Here we begin by using the ISLR library and Hitters dataset that shows baseball statistics. Lets take a look at the summary below.
library(ISLR)
summary(Hitters) #59 missing values
AtBat Hits HmRun Runs
Min. : 16.0 Min. : 1 Min. : 0.00 Min. : 0.00
1st Qu.:255.2 1st Qu.: 64 1st Qu.: 4.00 1st Qu.: 30.25
Median :379.5 Median : 96 Median : 8.00 Median : 48.00
Mean :380.9 Mean :101 Mean :10.77 Mean : 50.91
3rd Qu.:512.0 3rd Qu.:137 3rd Qu.:16.00 3rd Qu.: 69.00
Max. :687.0 Max. :238 Max. :40.00 Max. :130.00
RBI Walks Years CAtBat
Min. : 0.00 Min. : 0.00 Min. : 1.000 Min. : 19.0
1st Qu.: 28.00 1st Qu.: 22.00 1st Qu.: 4.000 1st Qu.: 816.8
Median : 44.00 Median : 35.00 Median : 6.000 Median : 1928.0
Mean : 48.03 Mean : 38.74 Mean : 7.444 Mean : 2648.7
3rd Qu.: 64.75 3rd Qu.: 53.00 3rd Qu.:11.000 3rd Qu.: 3924.2
Max. :121.00 Max. :105.00 Max. :24.000 Max. :14053.0
CHits CHmRun CRuns CRBI
Min. : 4.0 Min. : 0.00 Min. : 1.0 Min. : 0.00
1st Qu.: 209.0 1st Qu.: 14.00 1st Qu.: 100.2 1st Qu.: 88.75
Median : 508.0 Median : 37.50 Median : 247.0 Median : 220.50
Mean : 717.6 Mean : 69.49 Mean : 358.8 Mean : 330.12
3rd Qu.:1059.2 3rd Qu.: 90.00 3rd Qu.: 526.2 3rd Qu.: 426.25
Max. :4256.0 Max. :548.00 Max. :2165.0 Max. :1659.00
CWalks League Division PutOuts Assists
Min. : 0.00 A:175 E:157 Min. : 0.0 Min. : 0.0
1st Qu.: 67.25 N:147 W:165 1st Qu.: 109.2 1st Qu.: 7.0
Median : 170.50 Median : 212.0 Median : 39.5
Mean : 260.24 Mean : 288.9 Mean :106.9
3rd Qu.: 339.25 3rd Qu.: 325.0 3rd Qu.:166.0
Max. :1566.00 Max. :1378.0 Max. :492.0
Errors Salary NewLeague
Min. : 0.00 Min. : 67.5 A:176
1st Qu.: 3.00 1st Qu.: 190.0 N:146
Median : 6.00 Median : 425.0
Mean : 8.04 Mean : 535.9
3rd Qu.:11.00 3rd Qu.: 750.0
Max. :32.00 Max. :2460.0
NA's :59
Thanks to our summary, we have found some missing values or NA
fields. Below we remove them easily with the na.omit()
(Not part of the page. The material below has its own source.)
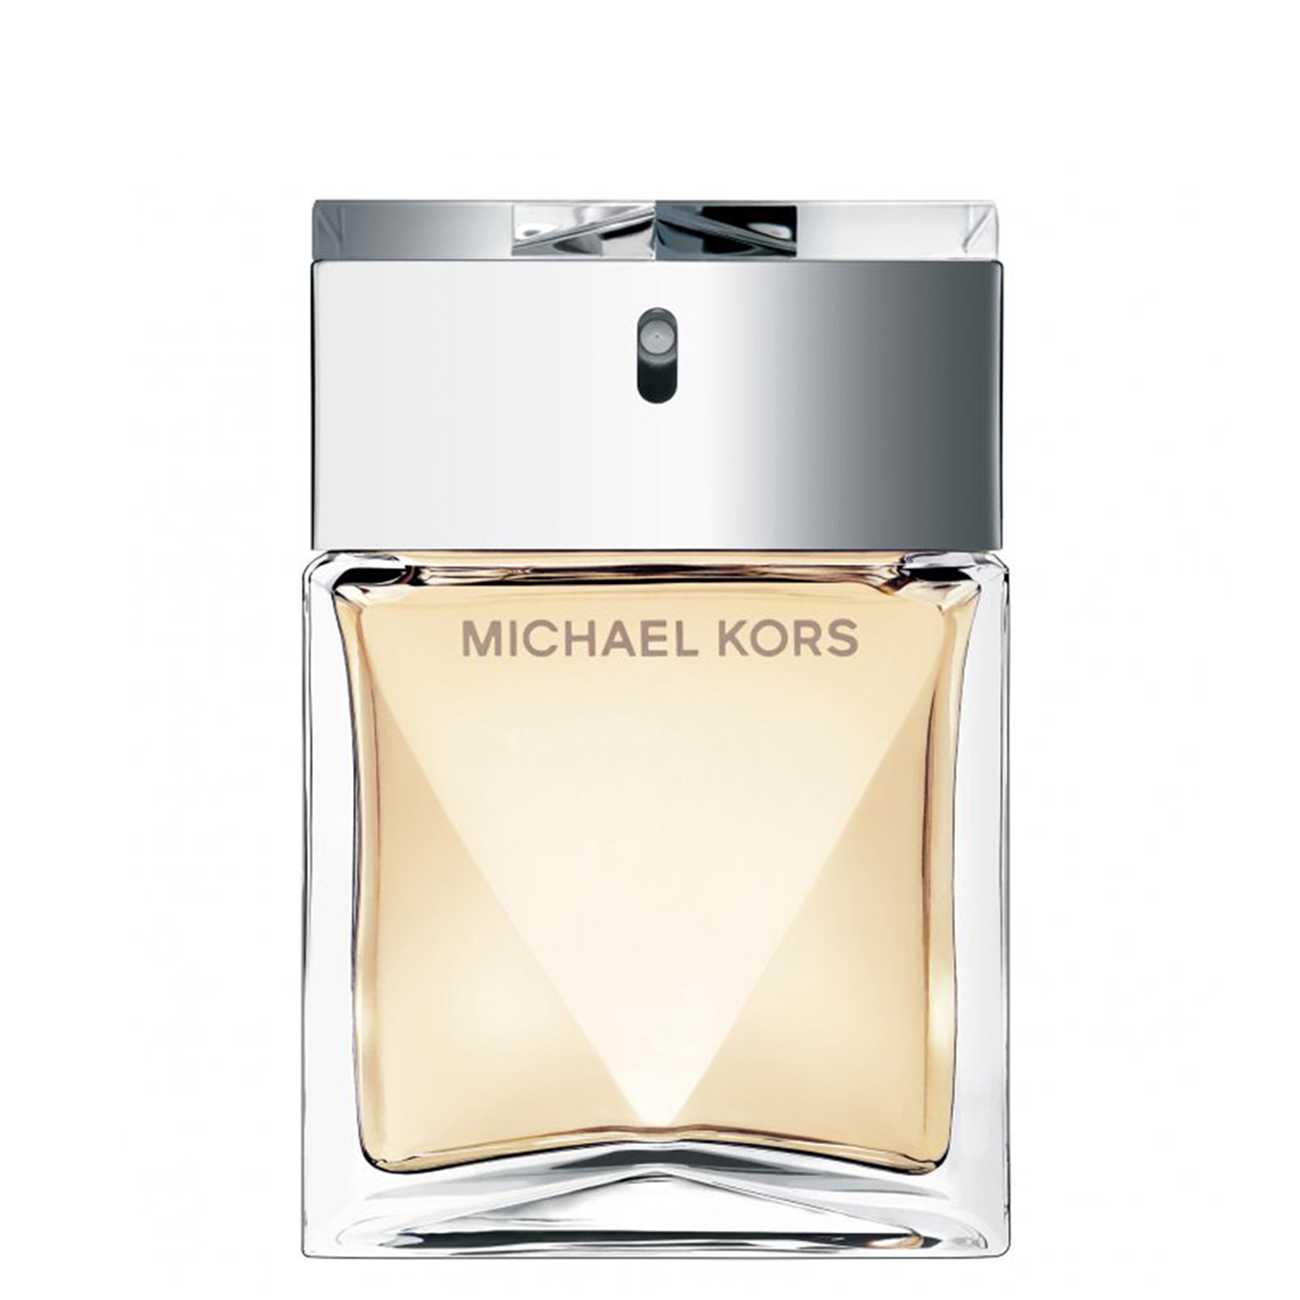 Apa de Parfum Michael Kors WOMAN 100 ML 100ml cu comanda online
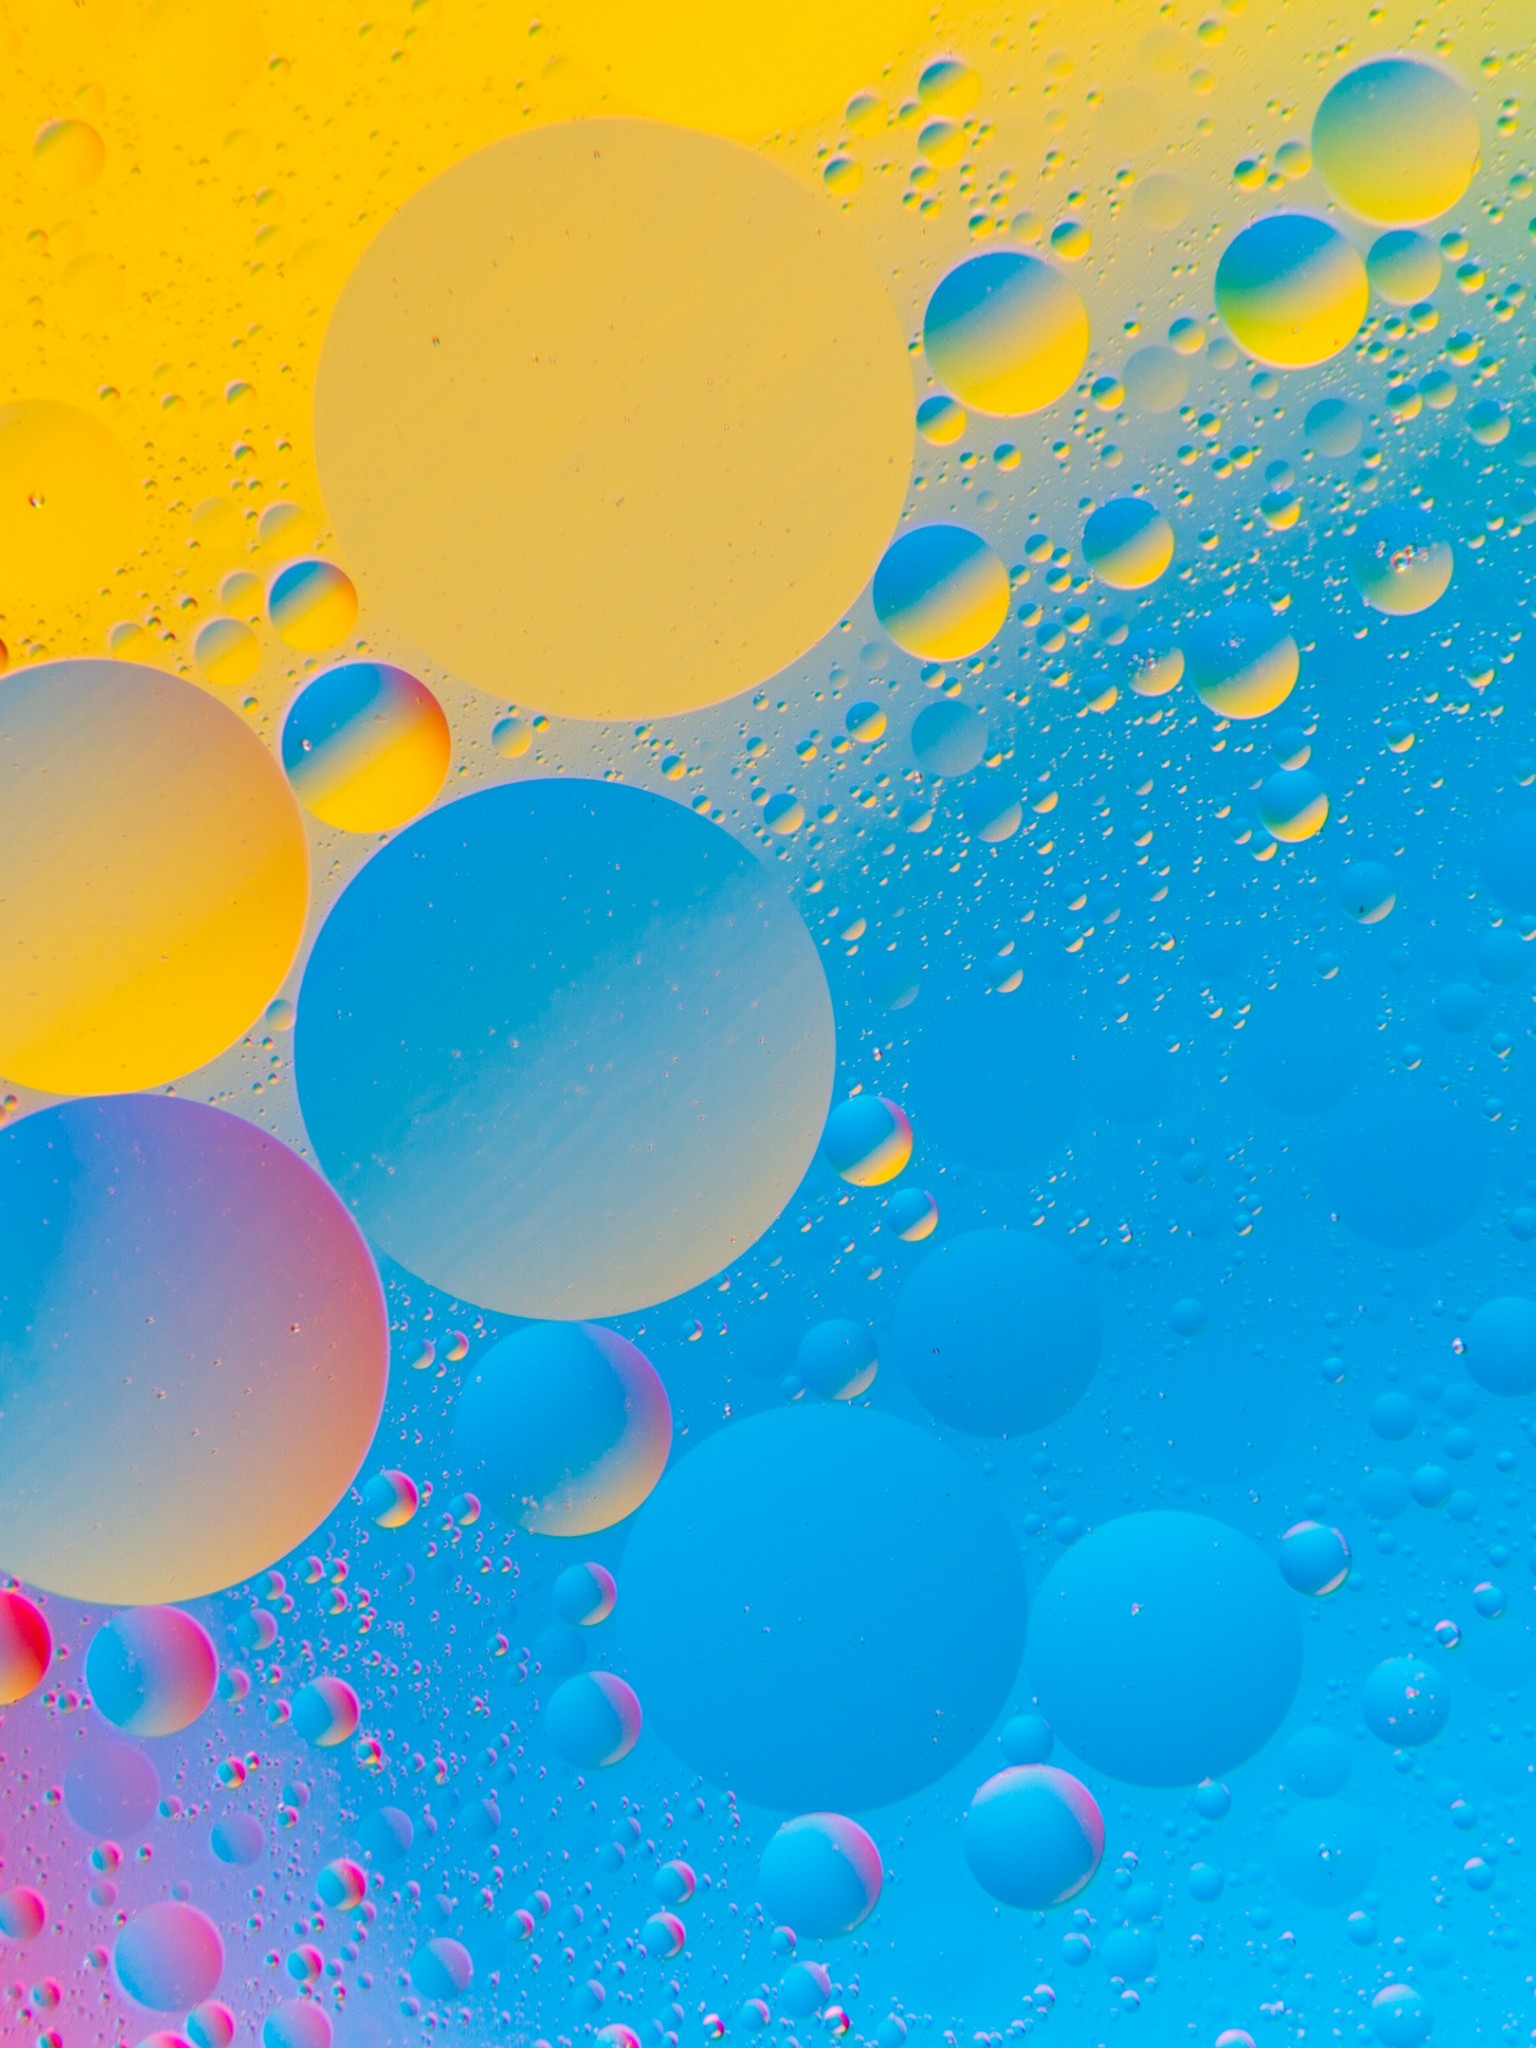 Colourful Bubbles 4k Hd Abstract Wallpaper Retina Ipad Hd Wallpaper Wallpapers Net

function. Now we have a clean dataset to practice subset selection on.
Hitters = na.omit(Hitters)
# with(Hitters, sum(is.na(Salary))) #no NAs
names(Hitters)
[1] "AtBat" "Hits" "HmRun" "Runs" "RBI" "Walks"
[7] "Years" "CAtBat" "CHits" "CHmRun" "CRuns" "CRBI"
[13] "CWalks" "League" "Division" "PutOuts" "Assists" "Errors"
[19] "Salary" "NewLeague"
dim(Hitters)
[1] 263 20
Now we will use the package leaps
to perform and evaluate a best subset model. When we use the function regsubsets()
we are performing the subset selection. The best model is decided using Residual Sum of Squares. Compare the syntax to the lm()
function and you will find them similar.
library(leaps)
regfit.full = regsubsets(Salary~., data = Hitters)
summary(regfit.full)
Subset selection object
Call: regsubsets.formula(Salary ~ ., data = Hitters)
19 Variables (and intercept)
Forced in Forced out
AtBat FALSE FALSE
Hits FALSE FALSE
HmRun FALSE FALSE
Runs FALSE FALSE
RBI FALSE FALSE
Walks FALSE FALSE
Years FALSE FALSE
CAtBat FALSE FALSE
CHits FALSE FALSE
CHmRun FALSE FALSE
CRuns FALSE FALSE
CRBI FALSE FALSE
CWalks FALSE FALSE
LeagueN FALSE FALSE
DivisionW FALSE FALSE
PutOuts FALSE FALSE
Assists FALSE FALSE
Errors FALSE FALSE
NewLeagueN FALSE FALSE
1 subsets of each size up to 8
Selection Algorithm: exhaustive
AtBat Hits HmRun Runs RBI Walks Years CAtBat CHits CHmRun CRuns CRBI
1 ( 1 ) " " " " " " " " " " " " " " " " " " " " " " "*"
2 ( 1 ) " " "*" " " " " " " " " " " " " " " " " " " "*"
3 ( 1 ) " " "*" " " " " " " " " " " " " " " " " " " "*"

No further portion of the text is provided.